Figure 1 is a block diagram of apparatus embodying the invention for minimising loss in a combustion operation;

Figure 2 is a graph plotting the best previous air demand against a load index for the combustion operation; and

Figure 3 is a graph plotting the cost in dollars against the air demand and reflecting various losses in the combustion operation.

[0017] An embodiment of the present invention will now be described with reference to Figures 1 to 3. In this embodiment, the cost of heating excess air is estimated by using measurements of stack temperature from a transmitter 30 and oxygen from a transmitter 32 in flue gas produced by a combustion operation in which fuel is burnt with air at a load level. A function generator 34 and a multiplier 36 convert these measurements into an effective heat value of the excess air. This value is multiplied in a multiplier 42 by a boiler/heater load index provided on a line 38. In this case this value is fuel demand as measured in a fuel demand transmitter 40. It could also be steam flow in a boiler or product flow in a process heater. The multiplier 42 thus generates a heat loss rate, which is then multiplied by a K$ factor in a multiplier 44 to convert the loss rate into an air heating loss per unit time in dollars.

[0018] On the combustibles side, measurements are made in transmitters 46, 48 and 50 of carbon monoxide (CO), hydrocarbons (HC) and opacity. The CO and HC measurements are multiplied by the load index and the K$ factors in multipliers 52, 54, 56 and 58, to generate a fuel loss rate per unit time.
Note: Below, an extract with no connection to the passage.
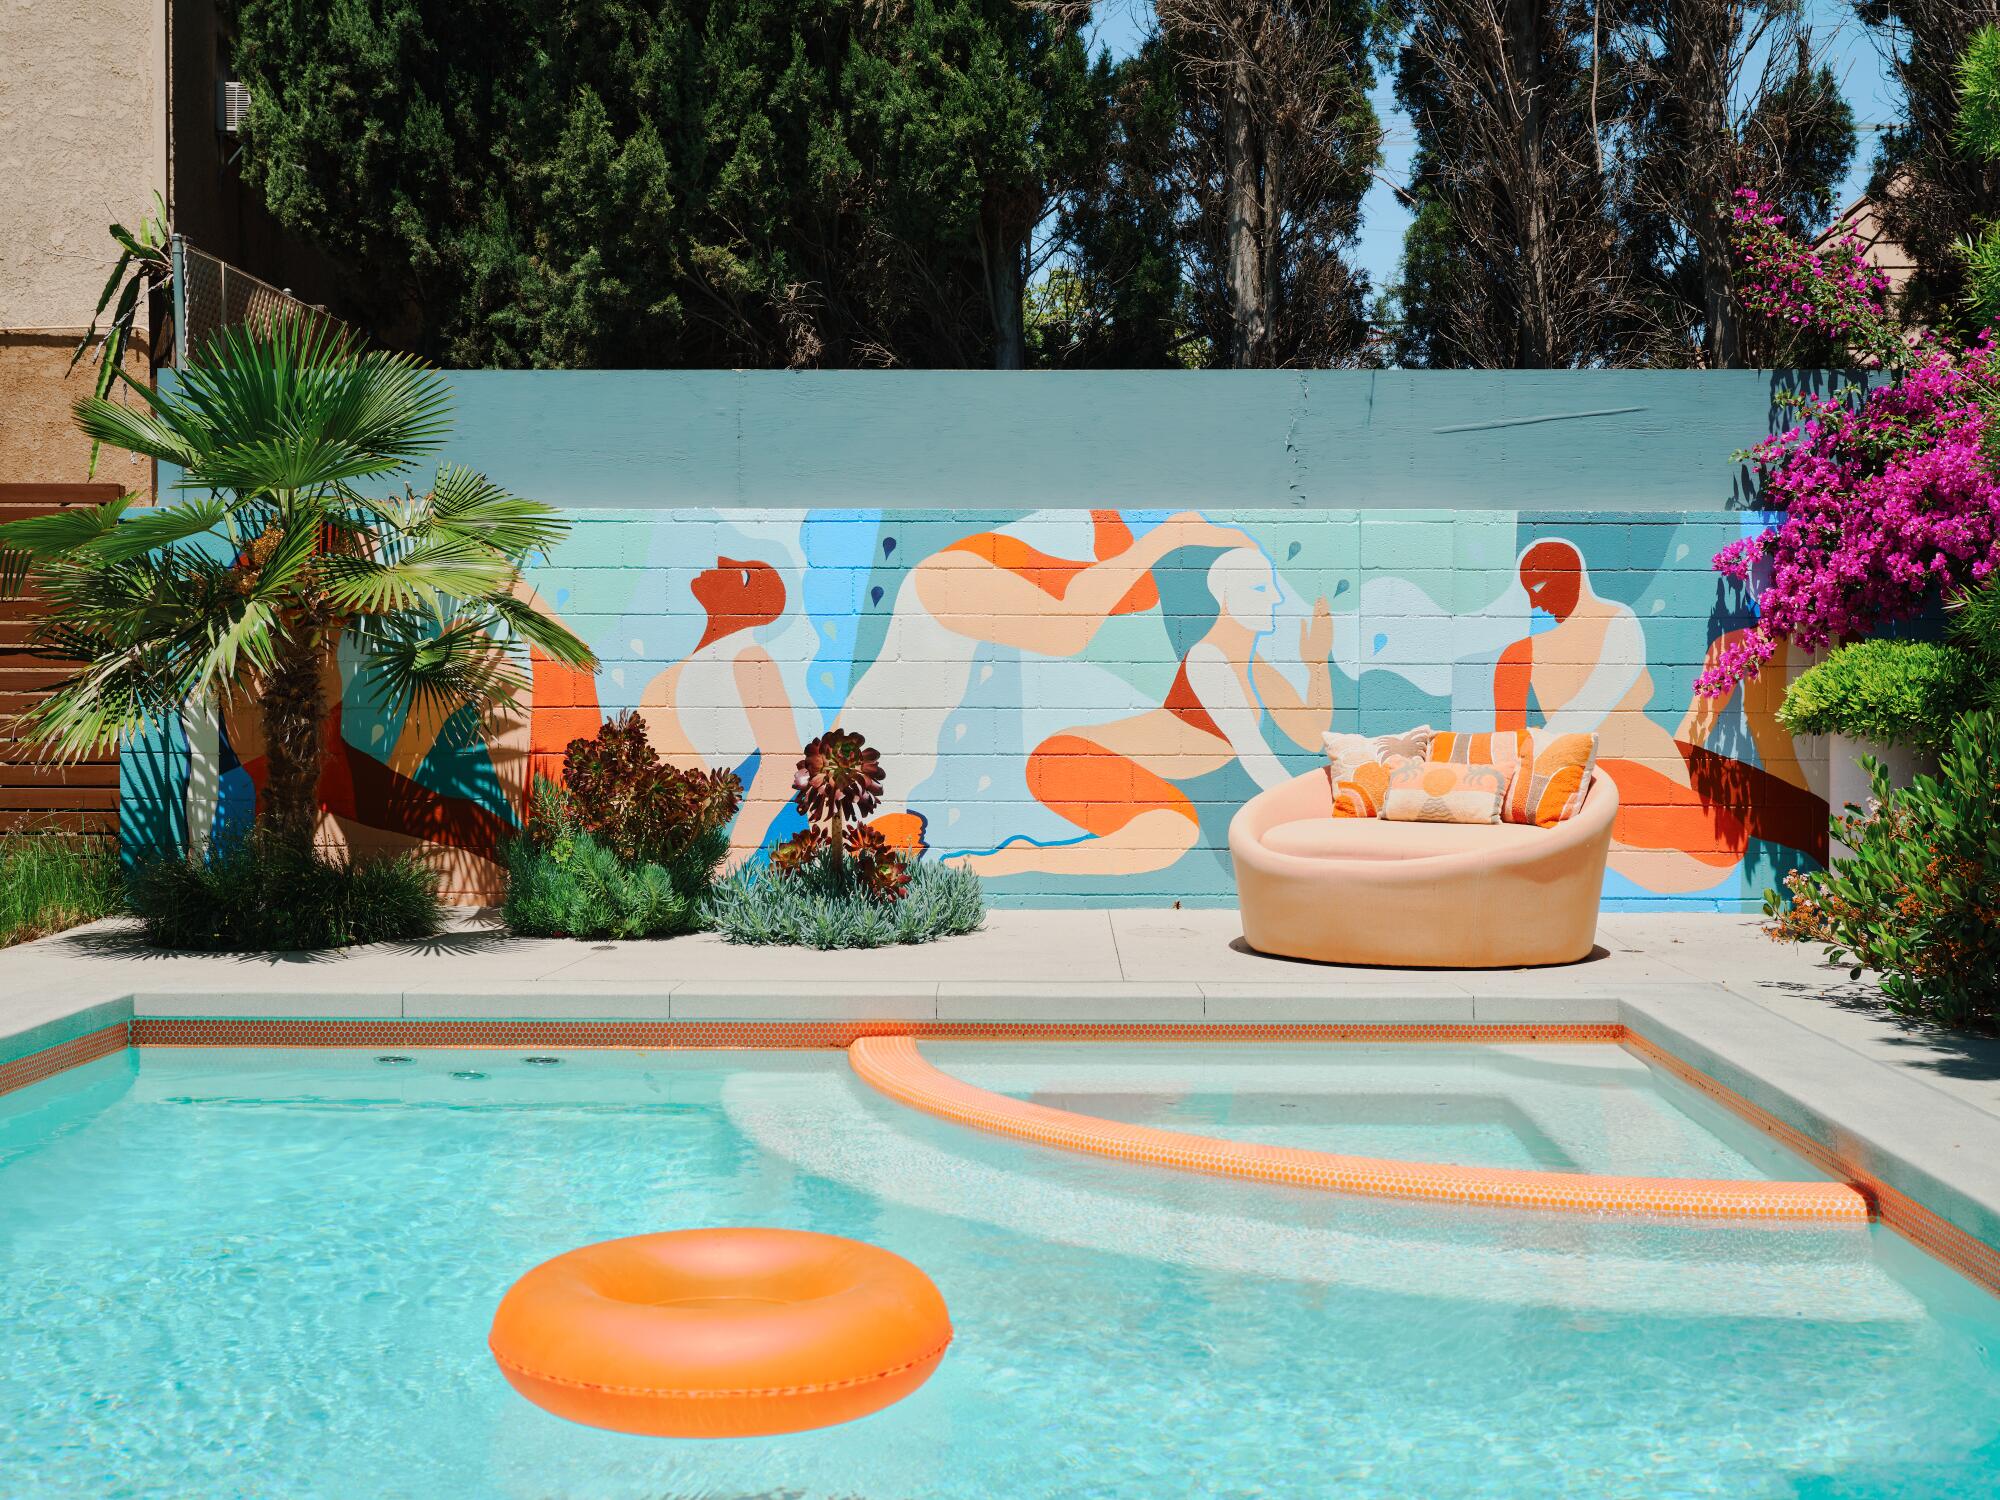 An orange inflatable ring floats in the pool in front of a mural depicting bathers dressed in orange.
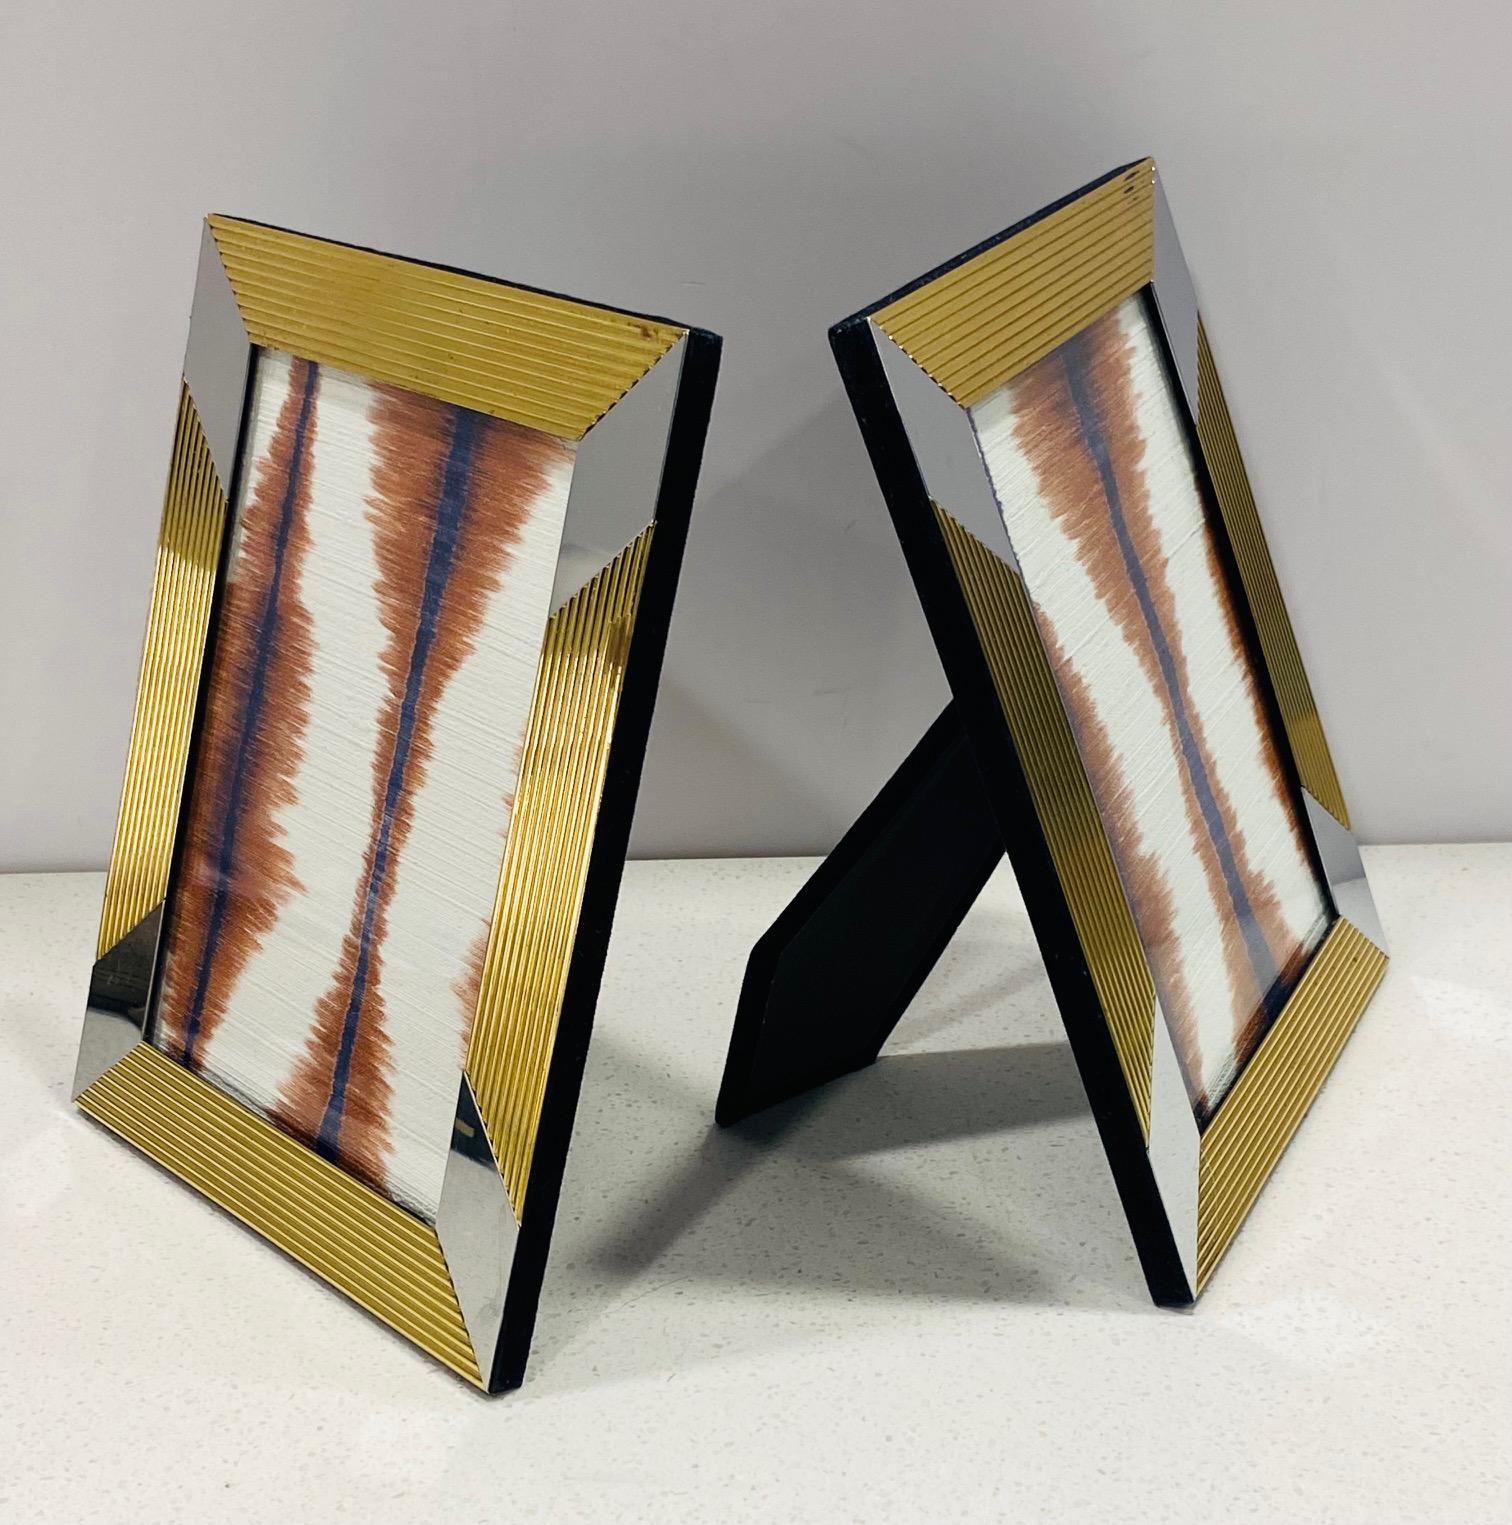 Mid-Century Modern solid brass pictures frames with geometric design. Hand polished and lacquer coated frames featuring fluted metal in gold with chrome bands, and black velvet backing. The frames are 8.75

The opacity measurement is handled in the same way, except that a function generator 60 is used instead of a simple K$ multiplication factor. The function generator 60 sharply increases the effective K$ factor when the opacity approaches an allowed EPA limit L, then settles out at the magnitude of the fine when the limit is reached or exceeded. All of the combustibles loss rates then are added together in a summing unit 62 and smoothed (filtered in time) in a smoothing filter to generate a total fuel loss rate in dollars per unit time. The summing unit 62 thus generates a total of the unburned by-product loss and loss due to a characteristic of the flue gas (opacity) which may cause a fine.

[0019] The air and fuel loss rates are fed into a "Loss Index Minimisation Algorithm" block 64 shown in Figure 1. A "high opacity alarm" is generated by a limit and alarm unit 66 when the opacity exceeds the EPA limit. This alarm and the load index are also fed into the minimisation algorithm block 64. Air demand is set by an optimum air demand value provided on a line 70 from the block 64.

[0020] The operation of the "Loss Index Minimisation Algorithm" block 64 is illustrated in Figures 2 and 3. The block 64 keeps track of the "best previous" values of air demand that have been found for each value of load index (Figure 2). Also, the corresponding dollar values of air heating loss, fuel loss, and total loss (the sum of the other two losses) are stored for each load index value (Figure 3). Under normal operating conditions (defined as occurring when the high opacity alarm is not active and the boiler/heater load is not changing), the minimisation algorithm then searches for the minimum value of the total loss parameter by adjusting the air demand output from the block. The algorithm increases or decreases the air demand, depending on the deviation of the current values of air and fuel losses from the corresponding "best previous" values stored. That is, if the fuel loss parameter is near its previous "best value" but the air loss is significantly higher, the algorithm will reduce the air demand. On the other hand, if the deviation in fuel losses predominates compared to the previous best values, the algorithm will increase the air demand. After waiting for a period of time equal to the time lag of the process, the algorithm then measures the new value of the total loss parameter. If it is less than the stored "best previous" value for the current load index, the new air demand replaces the old one as the "best previous" value. Also, the corresponding new loss parameters then replace the old ones and the search continues incrementally in the same direction until a minimum is found as shown at M in Figure 3.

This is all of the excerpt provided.